There is a single dark brown connector with a black/orange wire. It is the 12 volt power to the under the hood light. Do not jumper it to the computer test connector. If you do, you will damage the computer.

What to expect:
You should get a code 11 (two single flashes in succession). This says that the computer's internal workings are OK, and that the wiring to put the computer into diagnostic mode is good. No code 11 and you have some wiring problems.

Codes have different answers if the engine is running from the answers that it has when the engine isn't running. It helps a lot to know if you had the engine running when you ran the test.

Trouble codes are either 2 digit or 3 digit, there are no cars that use both 2 digit codes and 3 digit codes.

Alternate methods:
For those who are intimidated by all the wires & connections, see Actron® for what a typical hand scanner looks like. Normal retail price is about $30 or so at AutoZone or Wal-Mart.

Or for a nicer scanner see EQUUS DIGITAL FORD CODE READER (3145) – It has a 3 digit LCD display so that you don’t have to count flashes or beeps.. Cost is $30.
 
It is quite possible that your barometric pressure sensor is giving a false reading. Your car would misfire roughly until the EEC went into closed loop mode, after that it would adjust itself. i would recommend checking that.
 
so the coolant stays at 140 all the time even after runnin for a while? Is the top radiator hose warm? howd you check the sensor, ohmeter?

Get that working properly first before trying to fix the missing problem....you should at least have a thermostat, I would put in a 180 the lowest, or a 195.
 
the hose gets warm but not hot...pulled the tsat out tonight and i had to really push hard to get the spring to move..like it was stuuck tight... also on the intake at the front there is a sensor that a little elbow goes on..believe its for the gauge...there is also one on the rear of the intake but no wire is on it...found an orange wire that looks like it should go there but someone splice it to a ground...does this sound right?
 
the hose gets warm but not hot...pulled the tsat out tonight and i had to really push hard to get the spring to move..like it was stuuck tight... also on the intake at the front there is a sensor that a little elbow goes on..believe its for the gauge...there is also one on the rear of the intake but no wire is on it...found an orange wire that looks like it should go there but someone splice it to a ground...does this sound right?
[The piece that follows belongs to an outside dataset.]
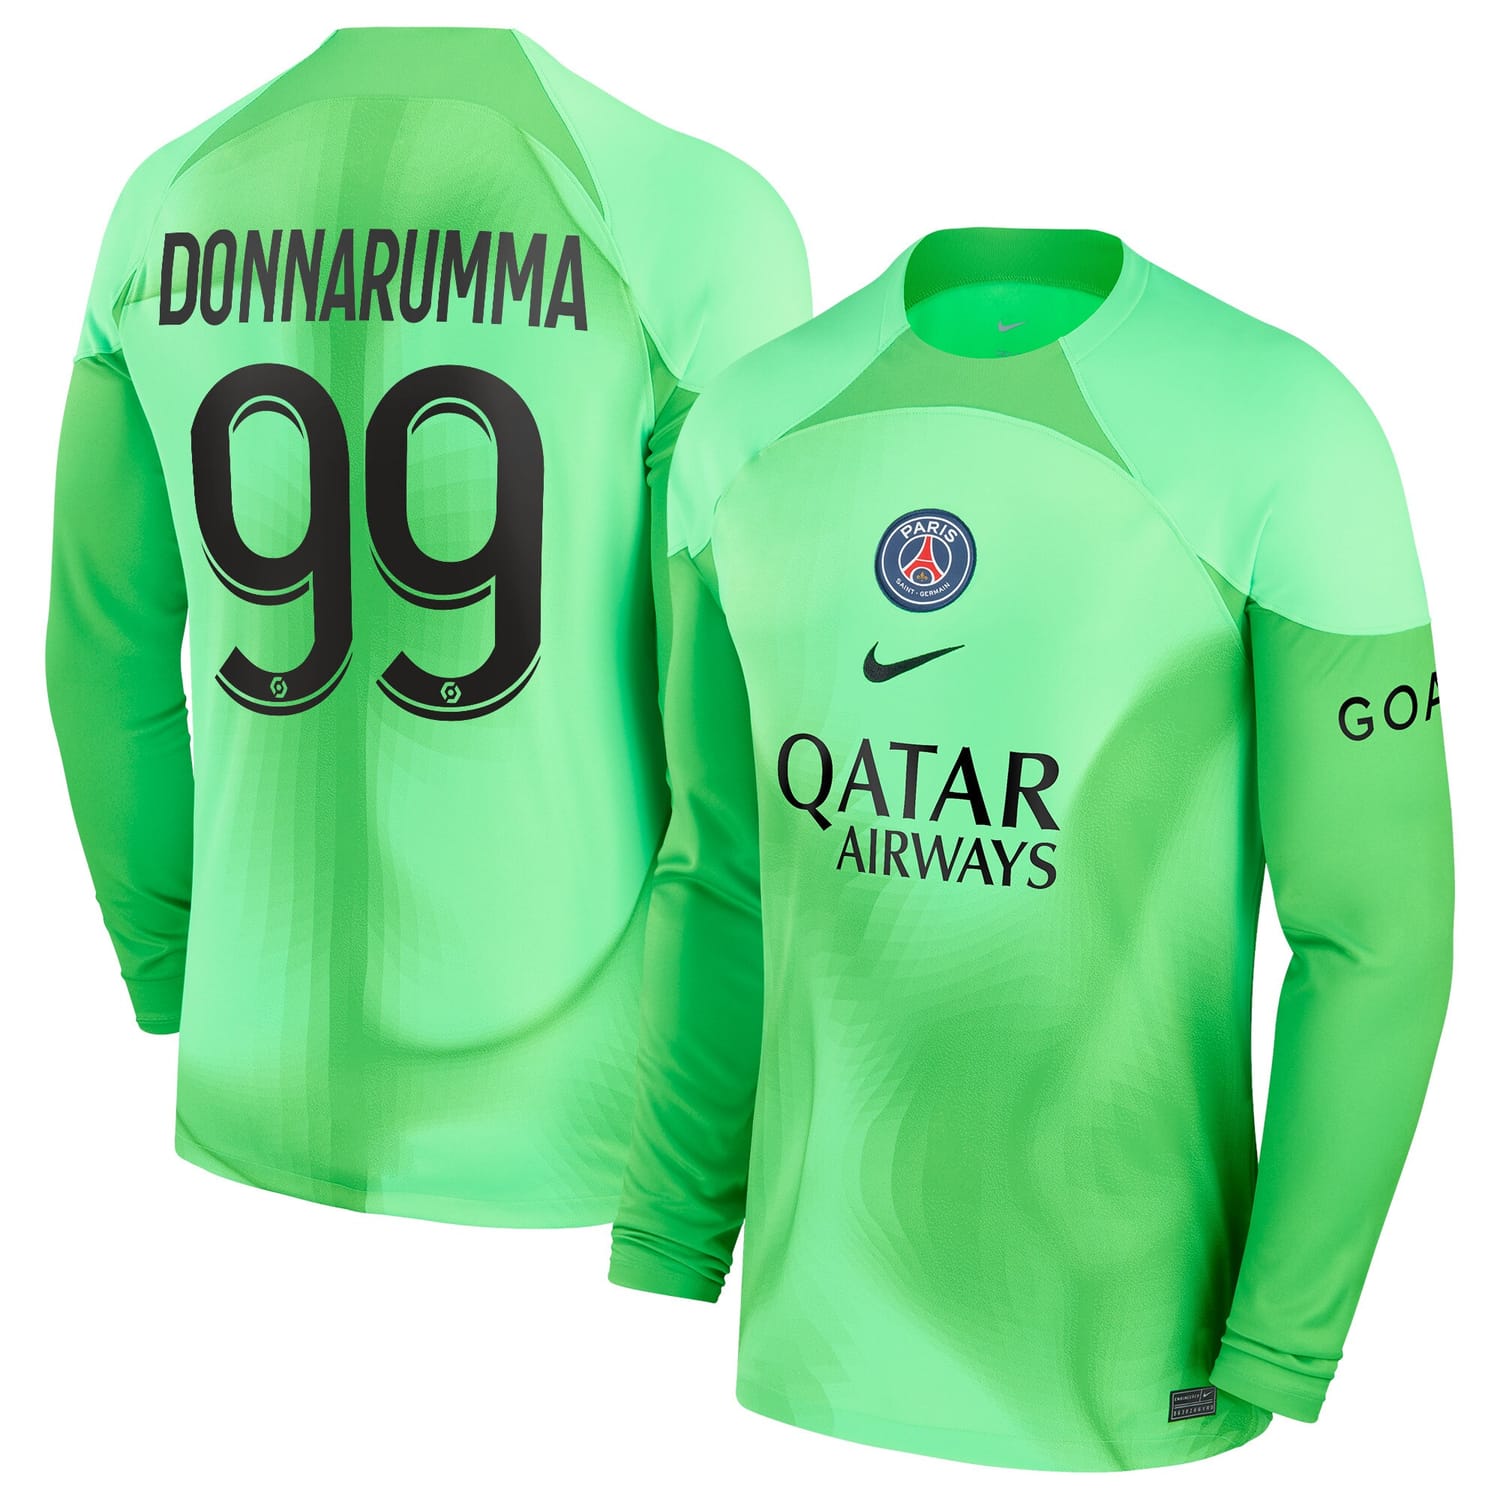 Ligue 1 Paris Saint-Germain Home Goalkeeper Jersey Shirt 2022-23 player Gianluigi Donnarumma 99 printing for Men

If the front sensor looks stock, and the stock wiring (with the little rubber elbow) is there, that's for the stock gauge. The rear port originally had a square headed plug but it sounds like someone put an aftermarket sender there and then removed the gauge. Note that the rear port sucks for accuracy. I would put the inaccurate stock sender back there and lengthen the wire. Then put an aftermarket gauge's sender in the front (originally) stock location.

The orange wire is probably your HEGO ground, which should be grounded to the intake or head.
 
the senser n the rear looks just like the front...if that isnt used for anything ill just let it alone..... where is the barometric pressure sensor located??

What year of stang are you working on? Note electrical mods like mass-air conversions, etc.

The BAP is on the firewall, It's a dark rectangular looking box.